Molluscs {cephalopod} (Cephalopoda) include squid, cuttlefish, octopus, and nautilus.
evolution
Cephalopods began 500,000,000 years ago.
anatomy
Head and foot combine. Eight tentacles in octopus, or ten tentacles in squid, have suckers. Two beaks are in mouth. Mantle can fill with water and eject water for jet propulsion movement after mantle receives signals from giant axons. Ink sac squirts to confuse enemies.
anatomy: shell
Cephalopods have little or no shell, as in squid and octopus, or chambered shells, as in nautilus. Nautilus secretes gas into chambers, to float.
anatomy: eye
Eyes develop from skin folds. Octopus rapidly learns visual and tactile discriminations by trial-and-error and can learn complex landscape, using same visual cues that people do. Nautilus eyes are pinholes, with statocysts and eye muscles.
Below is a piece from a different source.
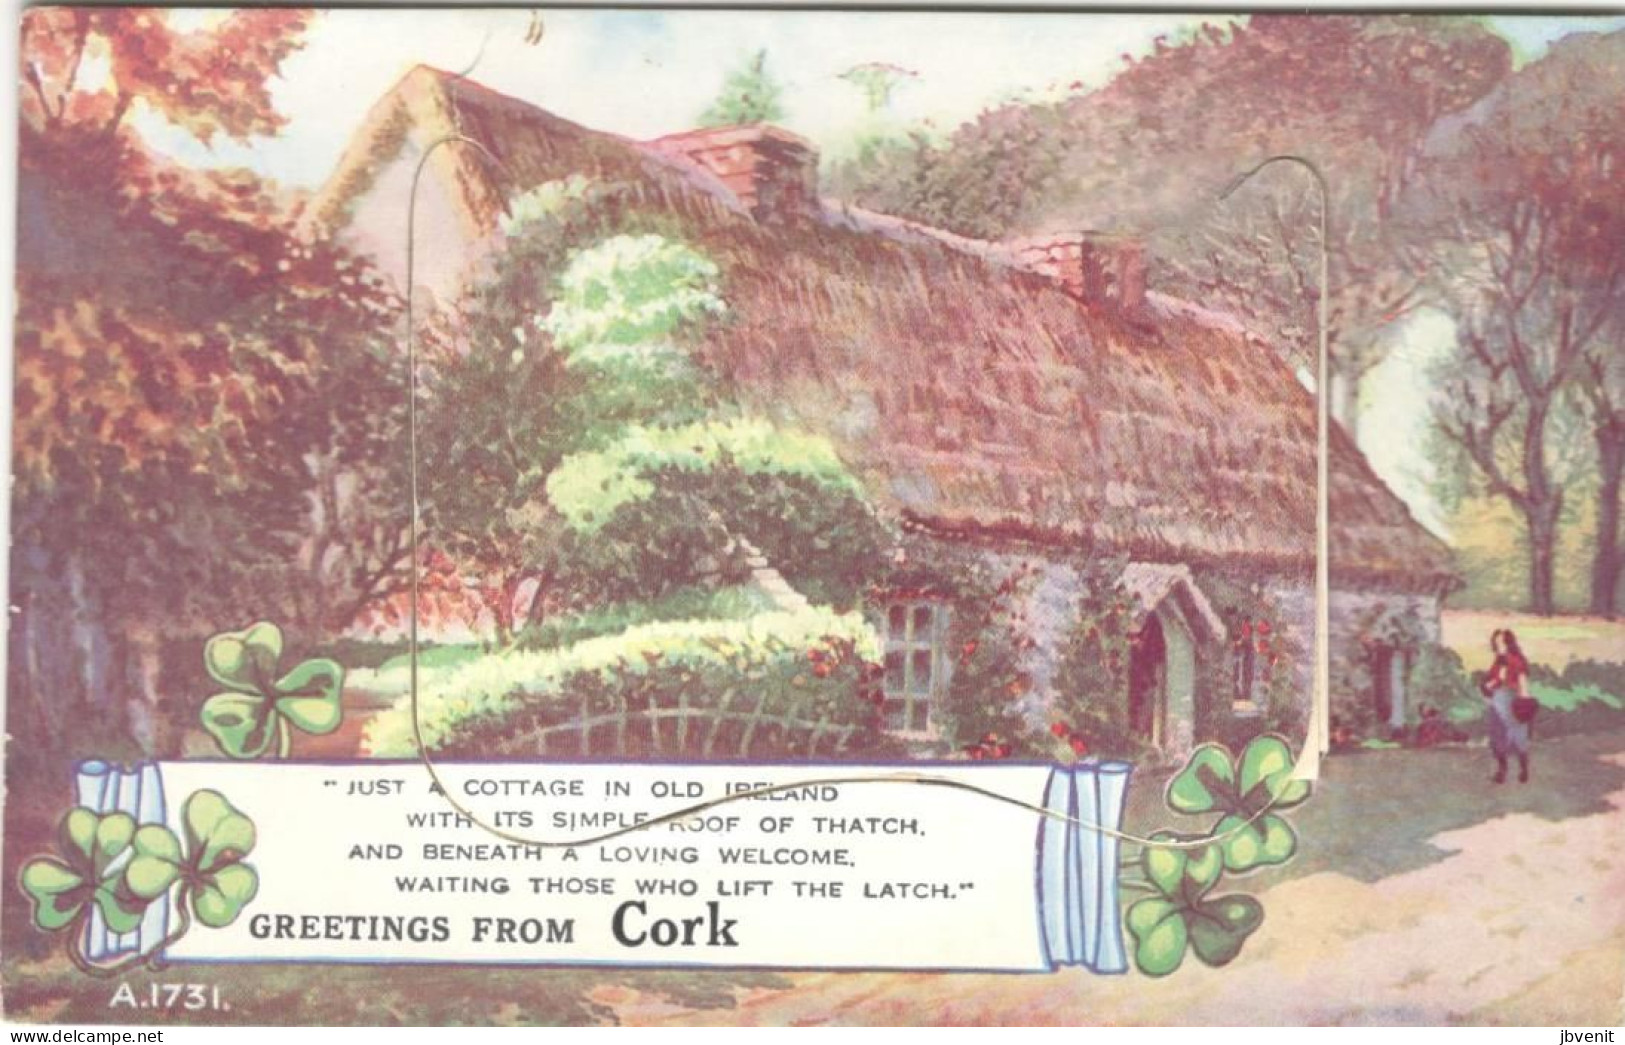 Greetings From CORK  - A COTTAGE IN OLD IRELAND - Cork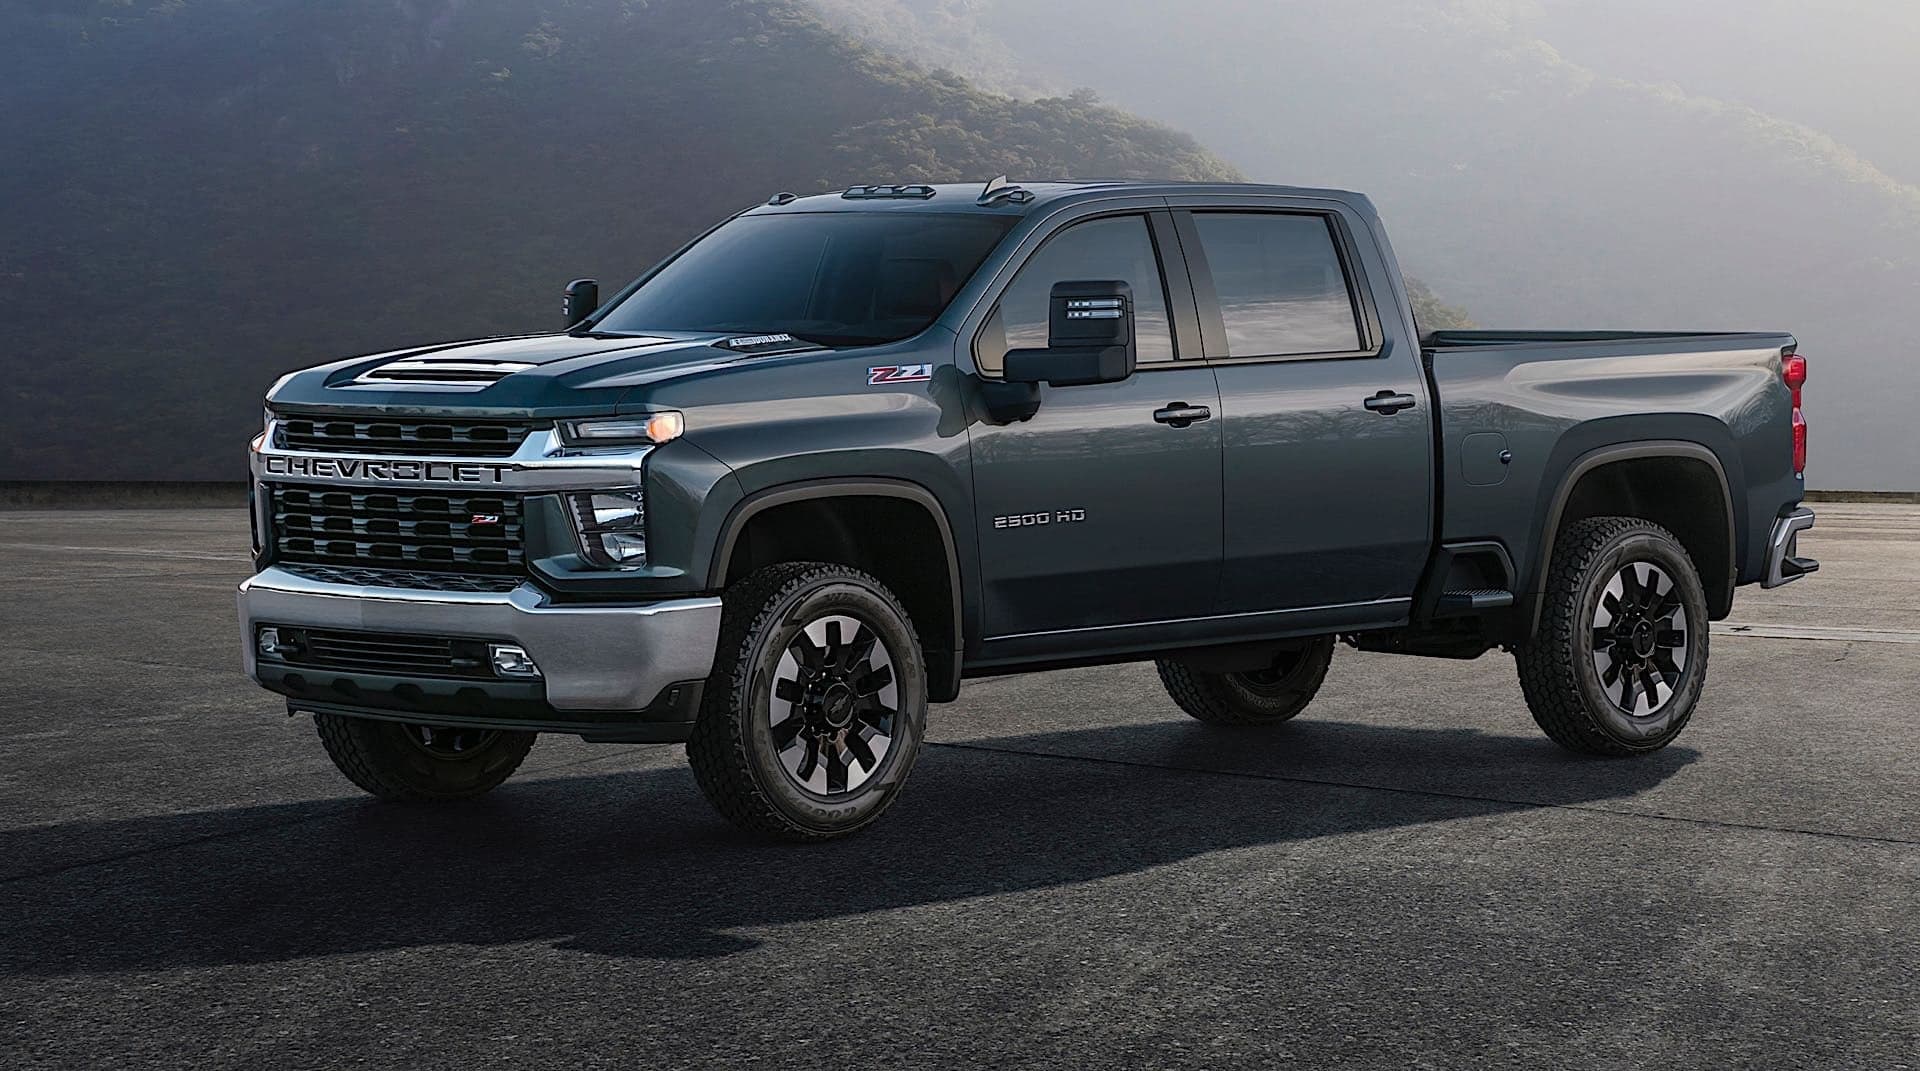 2020 Chevrolet Silverado HD Teased With First Images and Diesel Specs

Other cephalopods have eyes with photoreceptors in microvilli at right angles, to detect plane-polarized light.
anatomy: brain
Statocysts can detect three-dimensional movement. A cephalopod brain region acts like cerebellum. Cephalopods have visual-memory brain structures. They have no myelin.
blood
Hemocyanin copper protein, which has low oxygen-carrying capacity, causes green blood.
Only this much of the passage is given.